A representative set of monitoring locations were taken from NOAA data that had both years of interest (1950 and 2022). The information was collected so as to spread the measurements across the continental United States. Daily high and low temperatures are given for each of 24 weather stations.
Format
A data frame with 17250 observations on the following 9 variables.
- station
Station ID, measurements from 24 stations.
- name
Name of the station.
- latitude
Latitude of the station.
- longitude
Longitude of the station.
- elevation
Elevation of the station.
- date
Date of observed temperature.
- tmax
High temp for the observed day.
- tmin
Low temp for the observed day.
- year
Factor variable for year, levels:
1950
and2022
.
Source
https://www.ncei.noaa.gov/cdo-web/, retrieved 2023-09-23.
Details
Please keep in mind that these are two annual snapshots from a few dozen arbitrarily selected weather stations. A complete analysis would consider more than two years of data and a more precise random sample uniformly distributed across the United States.
Examples
library(ggplot2)
library(maps)
library(sf)
#> Linking to GEOS 3.10.2, GDAL 3.4.1, PROJ 8.2.1; sf_use_s2() is TRUE
library(dplyr)
# Summarize temperature by station and year for plotting
summarized_temp <- us_temp |>
group_by(station, year, latitude, longitude) |>
summarize(tmax_med = median(tmax, na.rm = TRUE), .groups = "drop") |>
mutate(plot_shift = ifelse(year == "1950", 0, 2))

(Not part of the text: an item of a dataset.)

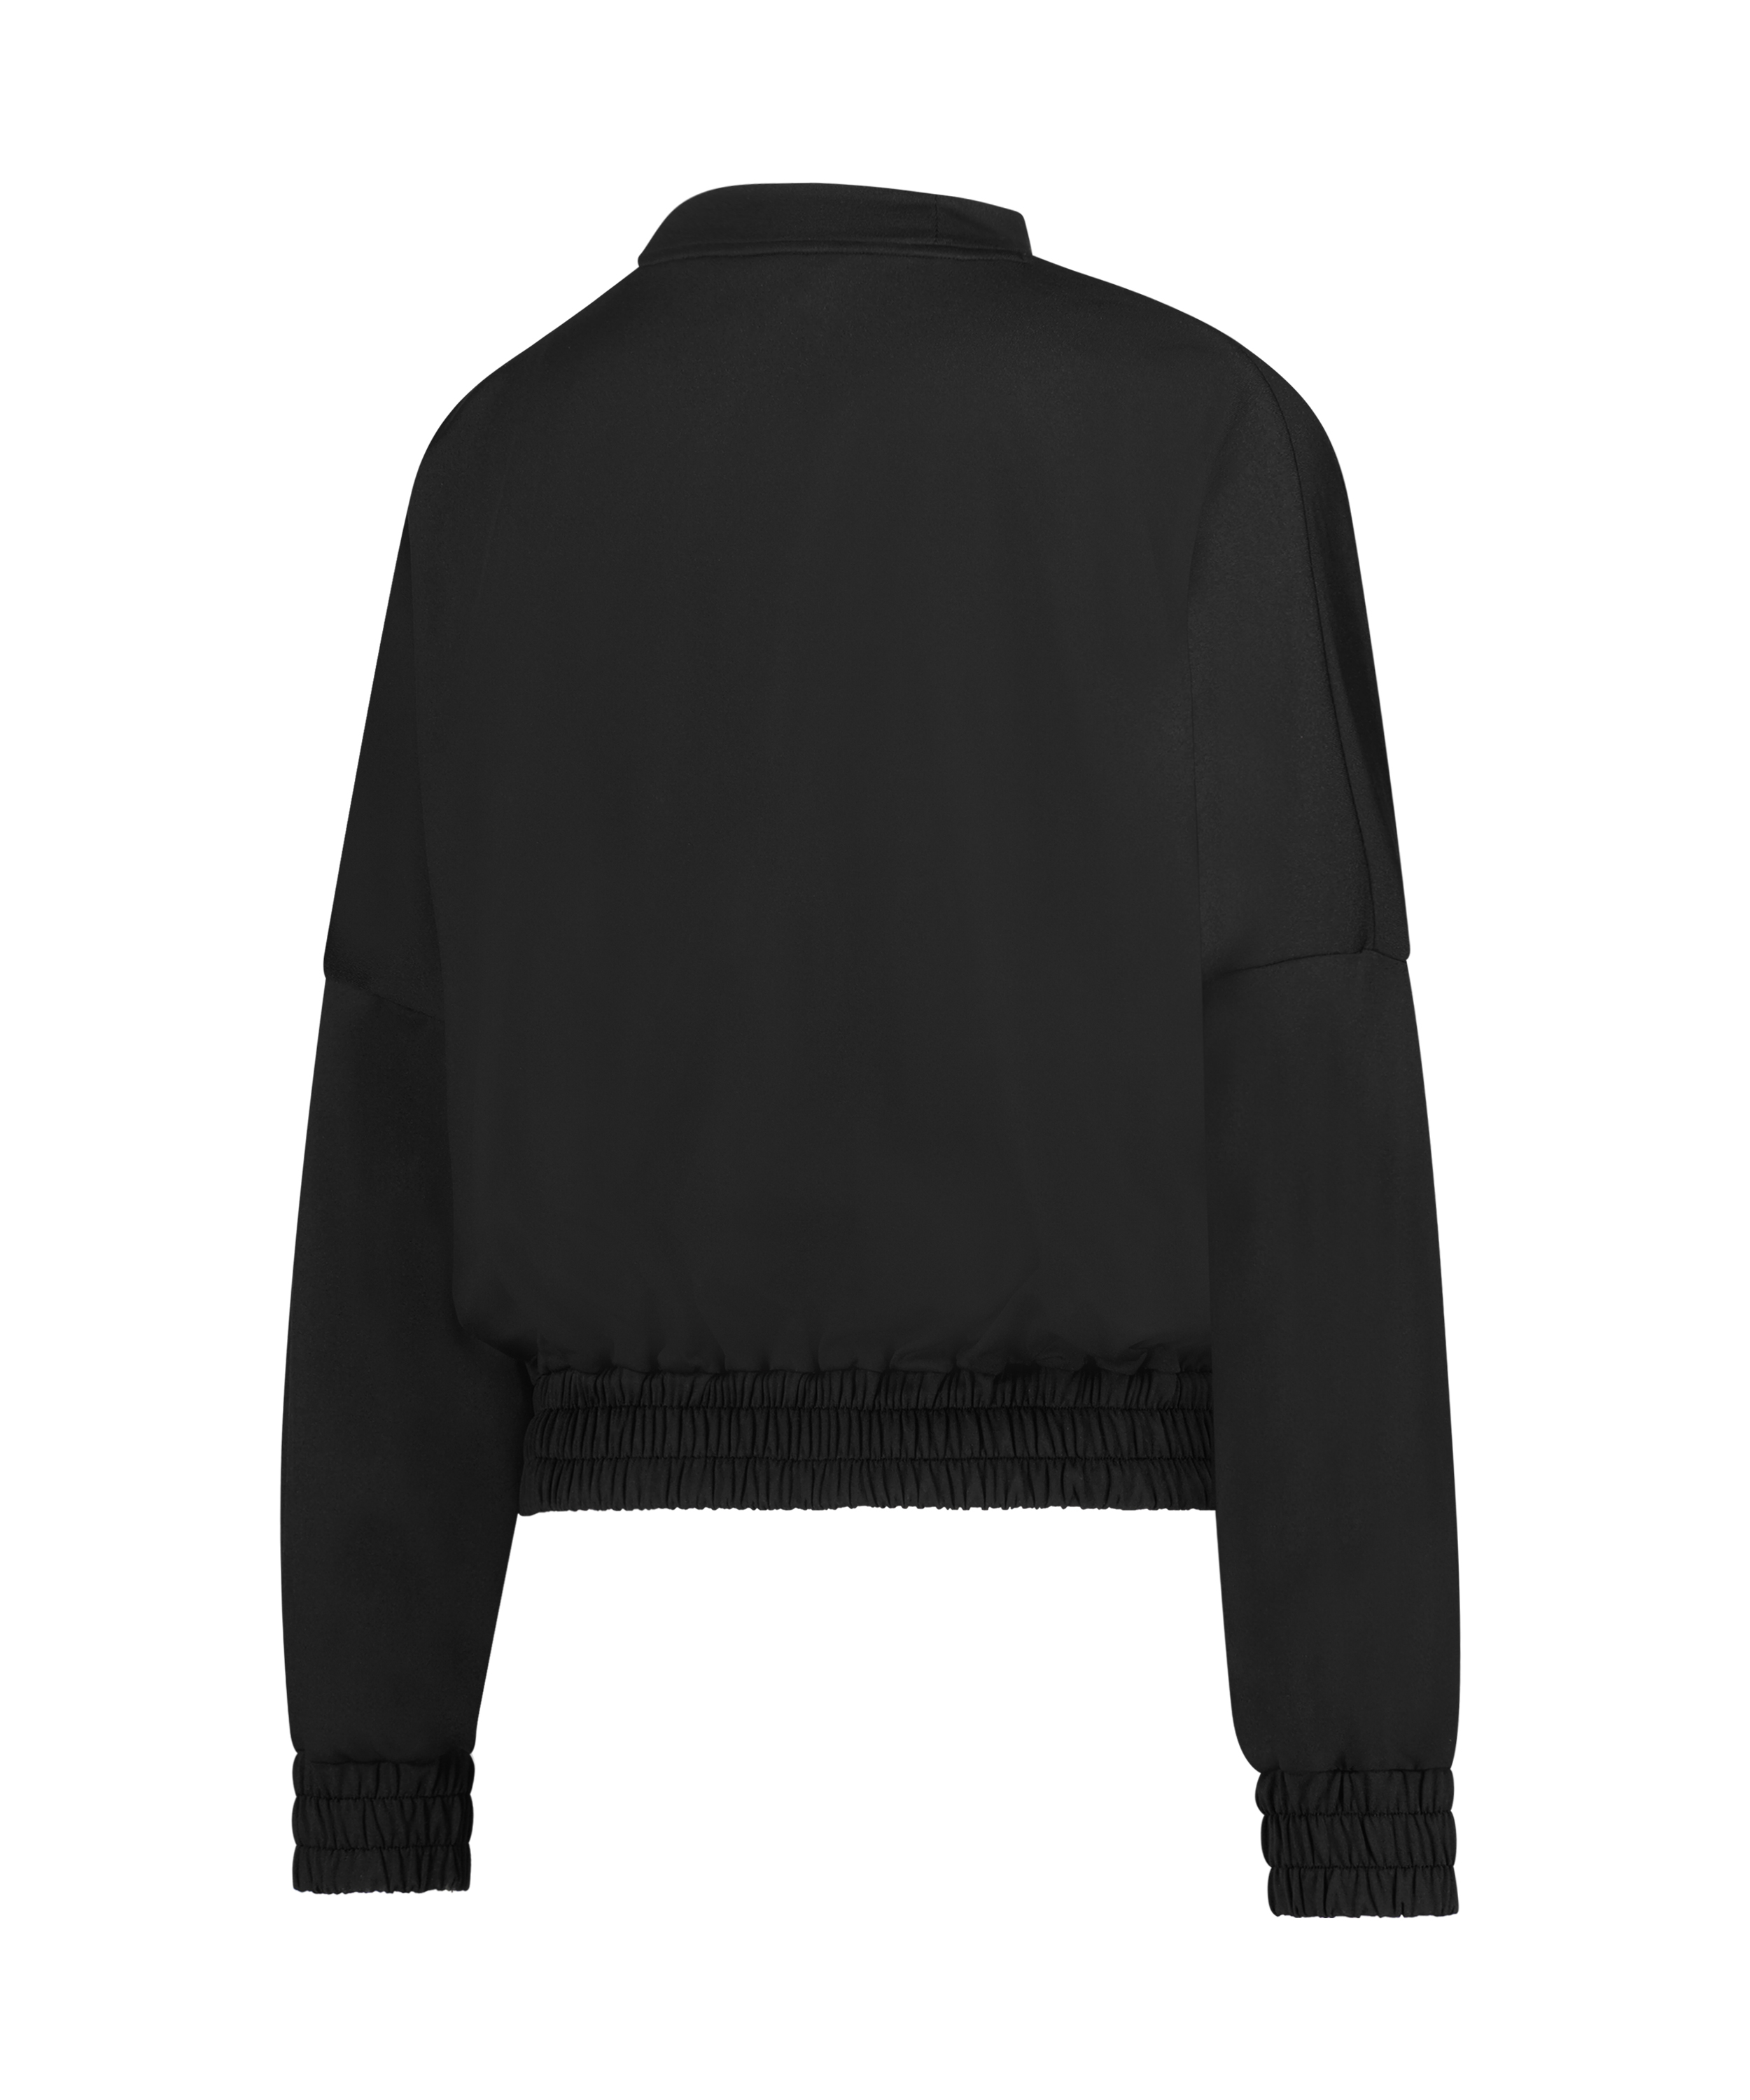 HKMX Sweater Flow, Zwart, main

# Make a map of the US as a baseline
usa <- st_as_sf(maps::map("state", fill = TRUE, plot = FALSE))
# Layer the US map with summarized temperatures
ggplot(data = usa) +
geom_sf() +
geom_point(
data = summarized_temp,
aes(x = longitude + plot_shift, y = latitude, fill = tmax_med, shape = year),
color = "black", size = 3
) +
scale_fill_gradient(high = "red", low = "yellow") +
scale_shape_manual(values = c(21, 24)) +
labs(
title = "Median high temperature, 1950 and 2022",
x = "Longitude",
y = "Latitude",
fill = "Median\nhigh temp",
shape = "Year"
)